Hace ya cerca de 11 años, en una época en la que los presupuestos provinciales, y por ende municipales, llegaban con tanta generosidad que, a falta de iniciativas o proyectos, terminaban en revoleo de juguetes desde camiones, se me ocurrió desarrollar una idea provocadora que nos obligara a pensar un verdadero transporte público para una ciudad con características tan particulares como la nuestra.

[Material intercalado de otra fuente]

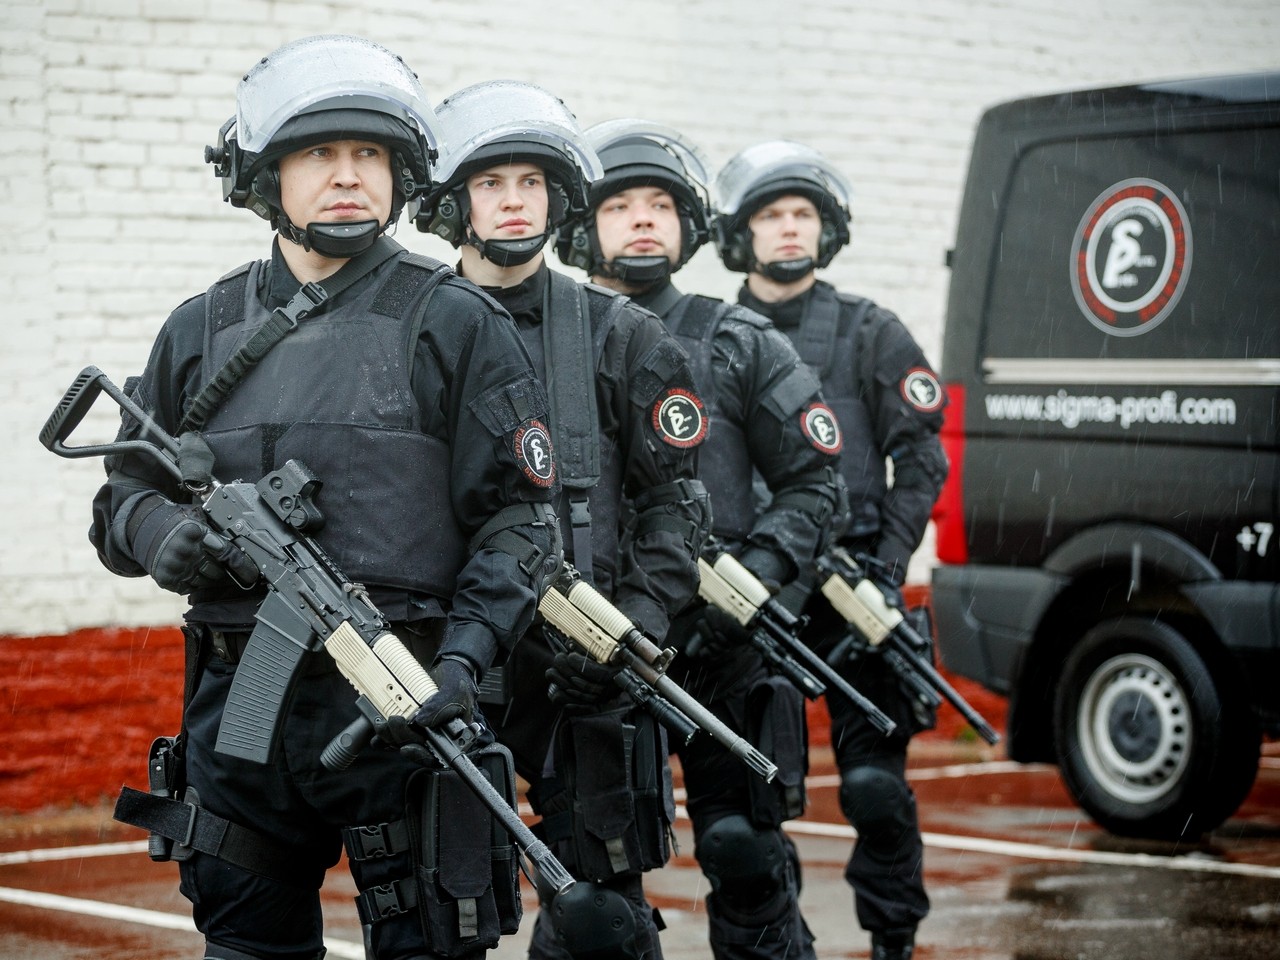 Федеральные охранные организации. Группа ГБР спецназ. Вооруженная охрана ГБР. ГБР Сигма. Охранник с оружием.

Eran épocas en las que los debates sobre el transporte público de pasajeros transcurrían siempre alrededor de la cantidad de unidades de colectivos, su higiene, el costo del boleto, el subsidio y las cabinas de espera. O sea más o menos como ahora.
Ya por entonces, al igual que hoy, era a todas luces evidente que un transporte de pasajeros que interactúe con el tránsito, en una ciudad como ésta, era poco viable.
¿Por qué razones? Citemos solo tres: la nieve en invierno, la cantidad de vehículos ocupando el espacio y la topografía. Si optamos por insistir con el transporte de colectivos deberíamos tomar varias decisiones que ayuden a que este medio sea más eficiente. Por ejemplo, sacar automóviles prohibiendo o encareciendo su llegada y estadía en la zona céntrica, prohibir el retiro de alumnos de los colegios del centro, en vehículos que llevan a razón de un niño por auto, y otras medidas por el estilo.
El uso del espacio público debería ser democratizado, es decir, ser usado con mayor igualdad. Cuando cuatro automóviles ocupan el espacio de un colectivo que lleva 50 personas, esta premisa -claro- no se cumple.
Nuestra ciudad tiene realidades que la condicionan. Una de ellas son sus dimensiones: más de 12 kilómetros de largo y no más de 2 de ancho.
Ni el mar ni la montaña se van a correr, por lo tanto, en la medida que vayamos creciendo, seremos cada vez más "oblongos”.
La pregunta es: ¿por qué no tenemos un tren/tranvía/monorriel que una la ciudad ida y vuelta a lo largo, yendo y viniendo con paradas intermedias que nos dejen cerca del centro, del edificio municipal, del Hospital, del Concejo Deliberante y del resto de los sitios más concurridos. De esta manera, luego podríamos caminar (conducta saludable) o tomar un taxi por unas cuadras, lo que nos saldría más económico que desde nuestro domicilio.
Al fin y al cabo, ¡hace 100 años! teníamos un tren que hacía un recorrido similar.
El proyecto que yo pensé imaginaba un monorriel que corriera a lo largo de la ciudad, elevado sobre alguna calle longitudinal, con paradas en distintos puntos, y con la ventaja de no tener que interactuar con los automóviles, no necesitar que se limpien las calles cuando nieva, y otros beneficios que ahora no vale la pena profundizar.
La iniciativa chocaba contra aquellos que, ignorando que en el campo de las ideas y de la imaginación no se requiere dinero, argumentaban la falta de recursos.
En fin, pasó lo de siempre: la época de las vacas gordas quedó en el olvido.
Y lo peor es que con estudiar los recursos dilapidados durante estos años, caeríamos en la cuenta de que podríamos haber construido este transporte, o al menos haberlo iniciado, pero en cambio preferimos destinar créditos y otros recursos a financiar lo único que crecen: las agencias de autos y los lamentos sobre la imposibilidad de ir al centro a hacer algún trámite.
Mientras tanto, los espacios públicos de esparcimiento siguen ocupados por el astro rey de Ushuaia: el automóvil.